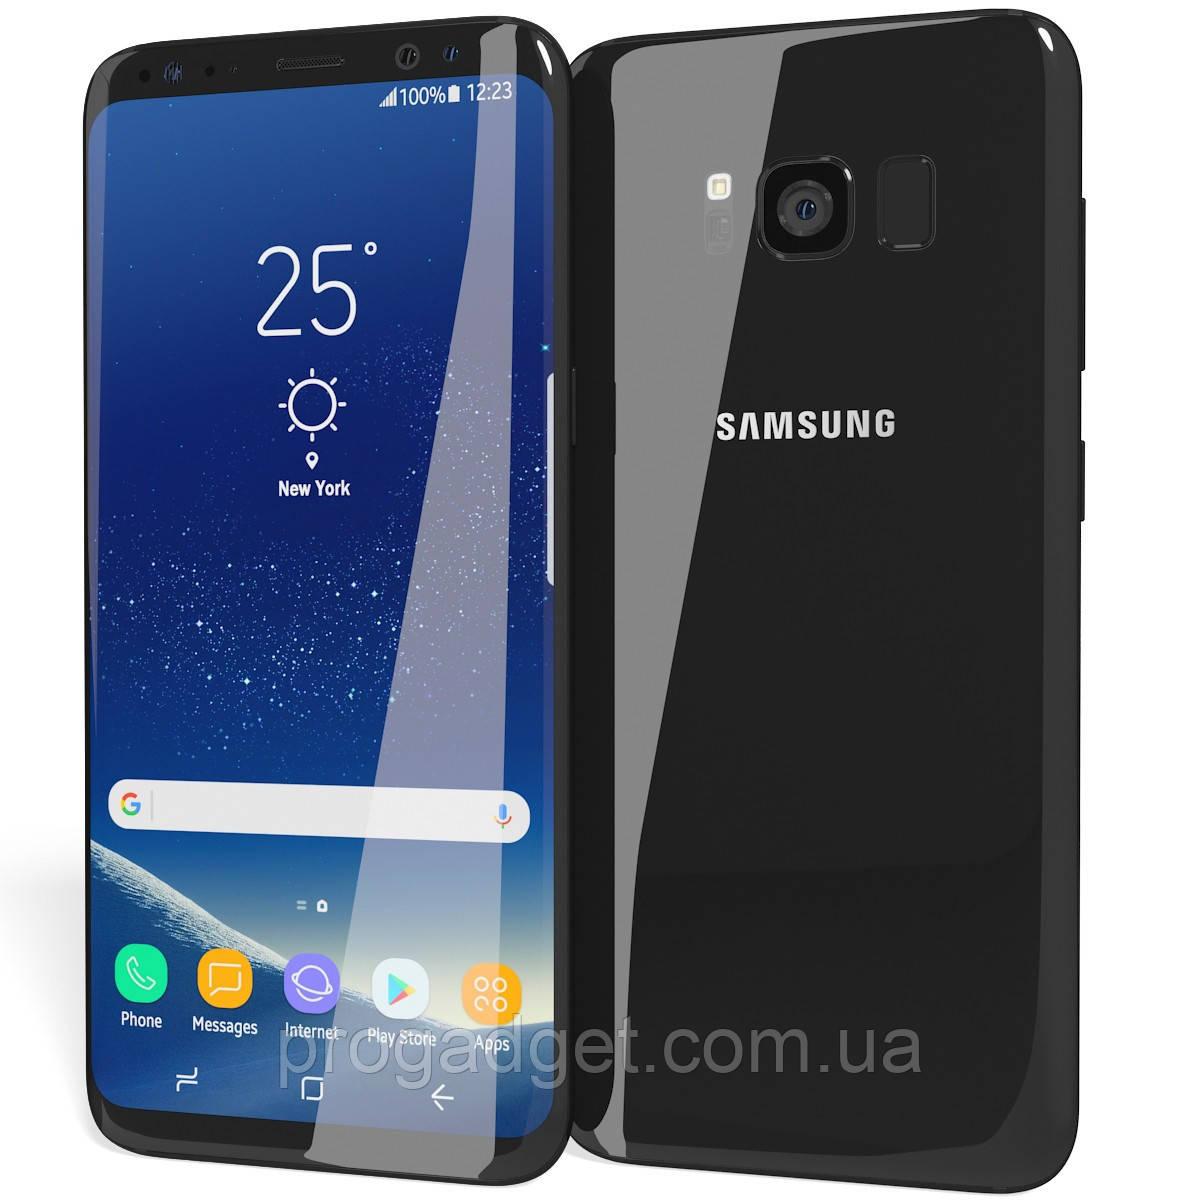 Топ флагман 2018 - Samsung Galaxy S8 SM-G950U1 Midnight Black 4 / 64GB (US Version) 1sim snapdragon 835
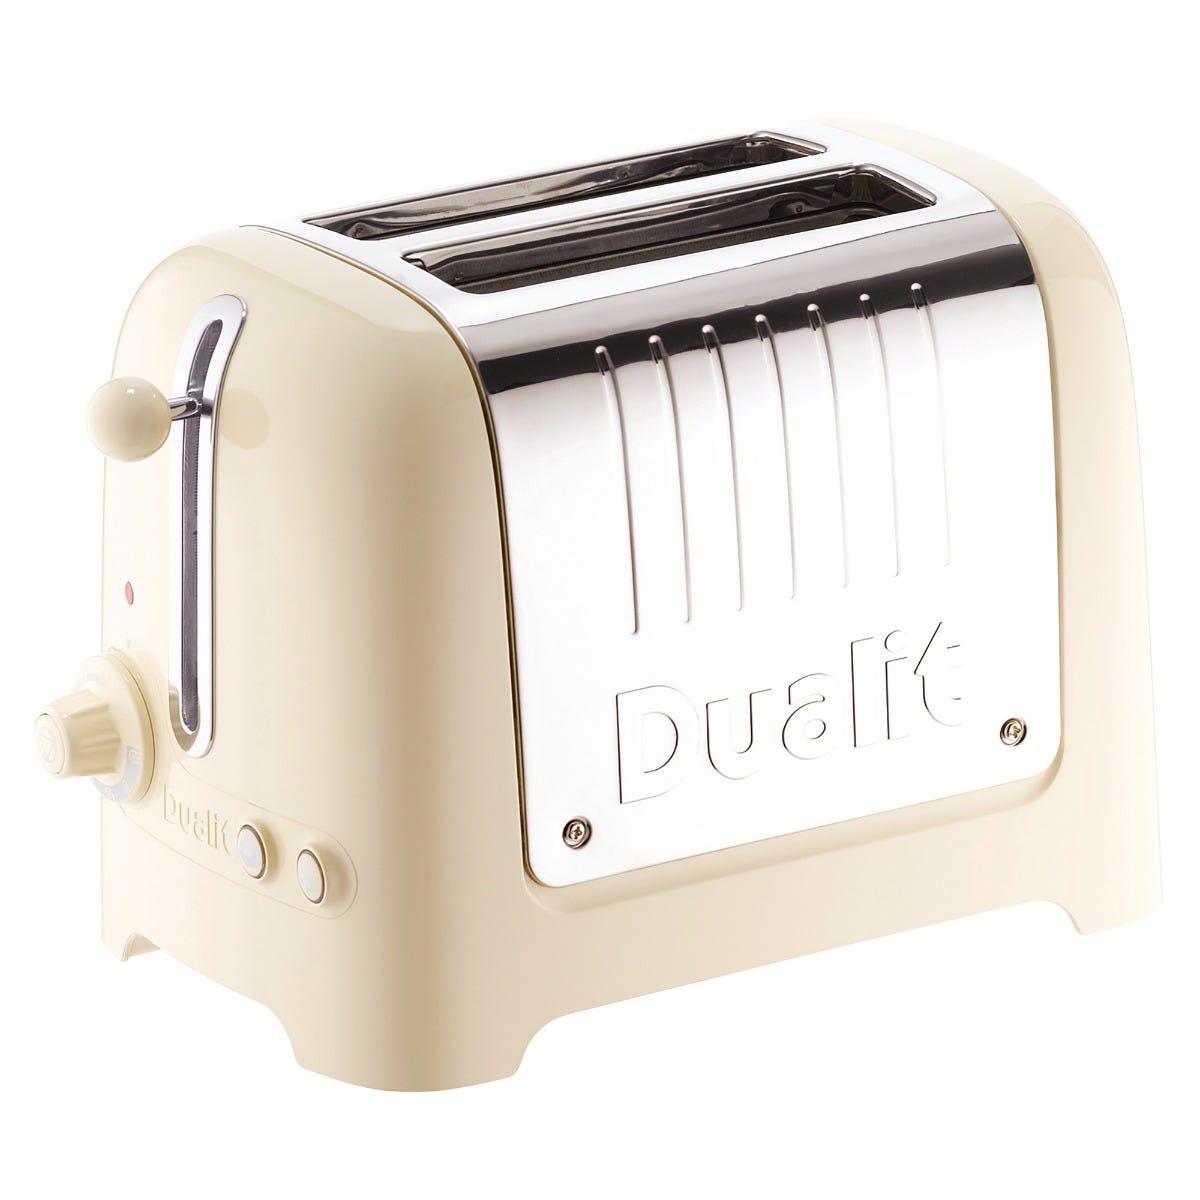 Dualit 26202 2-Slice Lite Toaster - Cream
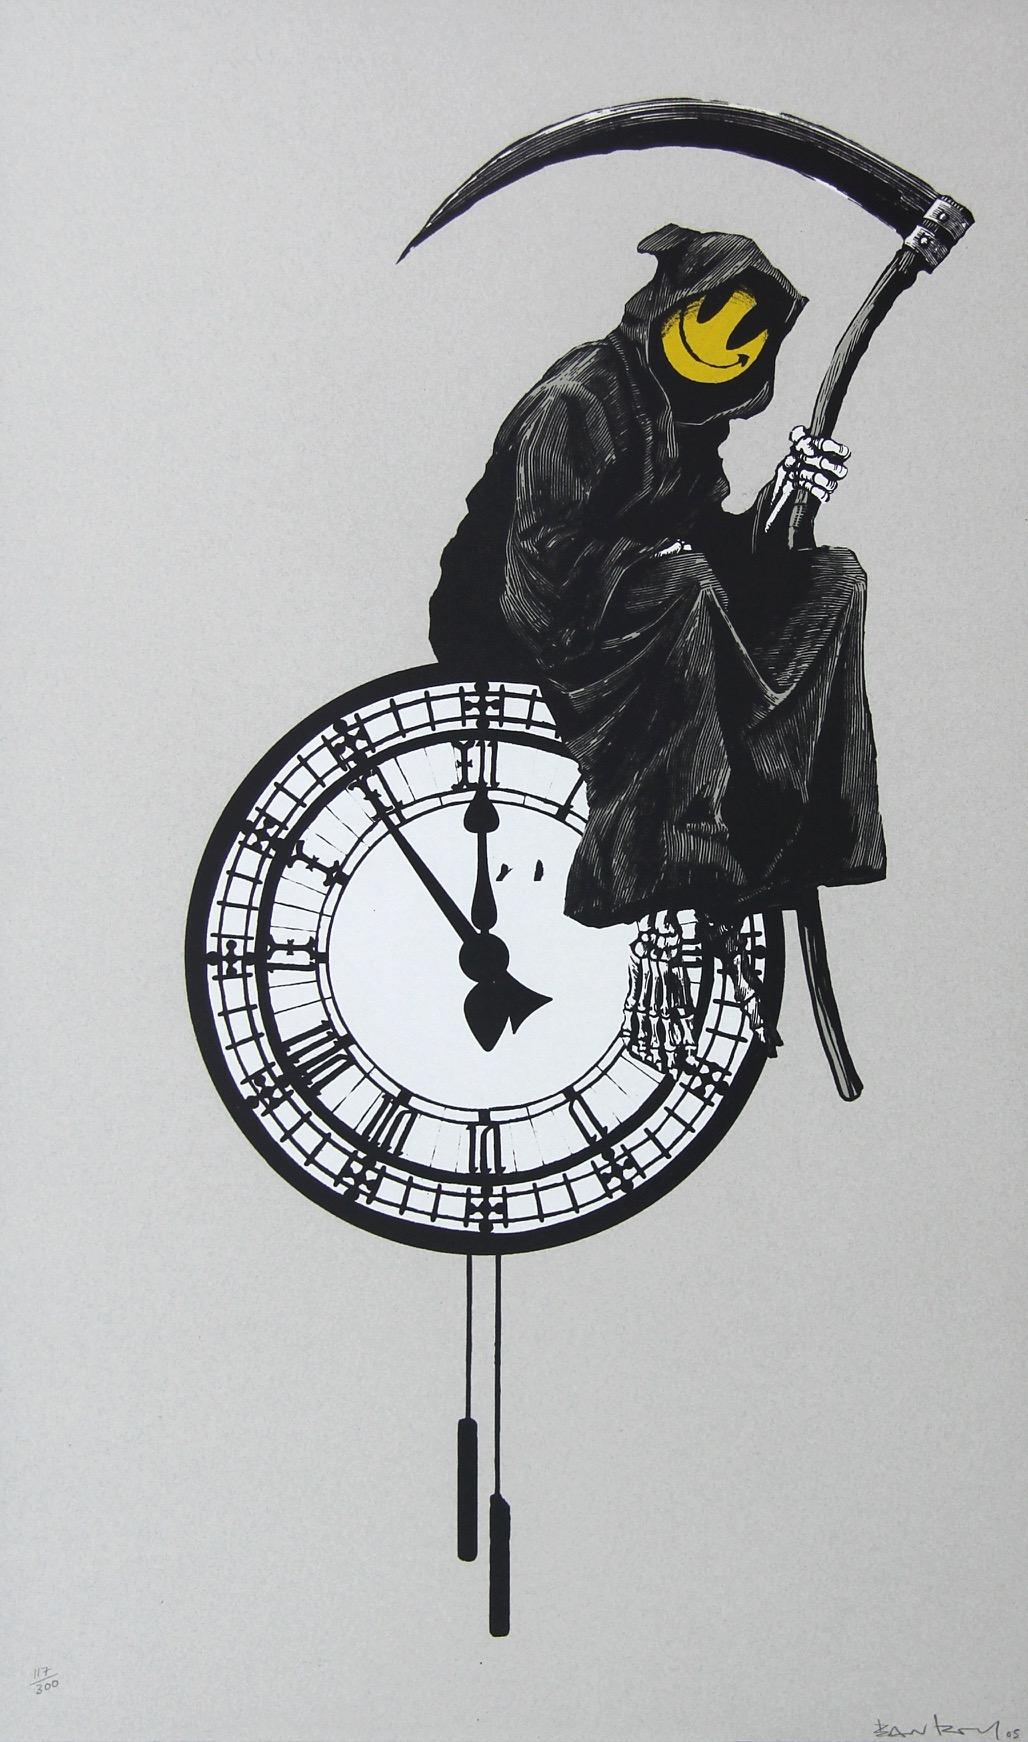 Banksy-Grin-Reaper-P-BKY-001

WHAT TO WORK ON: Restate the data above word for word. Skip every picture.

ANSWER:
 Топ флагман 2018 - Samsung Galaxy S8 SM-G950U1 Midnight Black 4 / 64GB (US Version) 1sim snapdragon 835
 Dualit 26202 2-Slice Lite Toaster - Cream
 Banksy-Grin-Reaper-P-BKY-001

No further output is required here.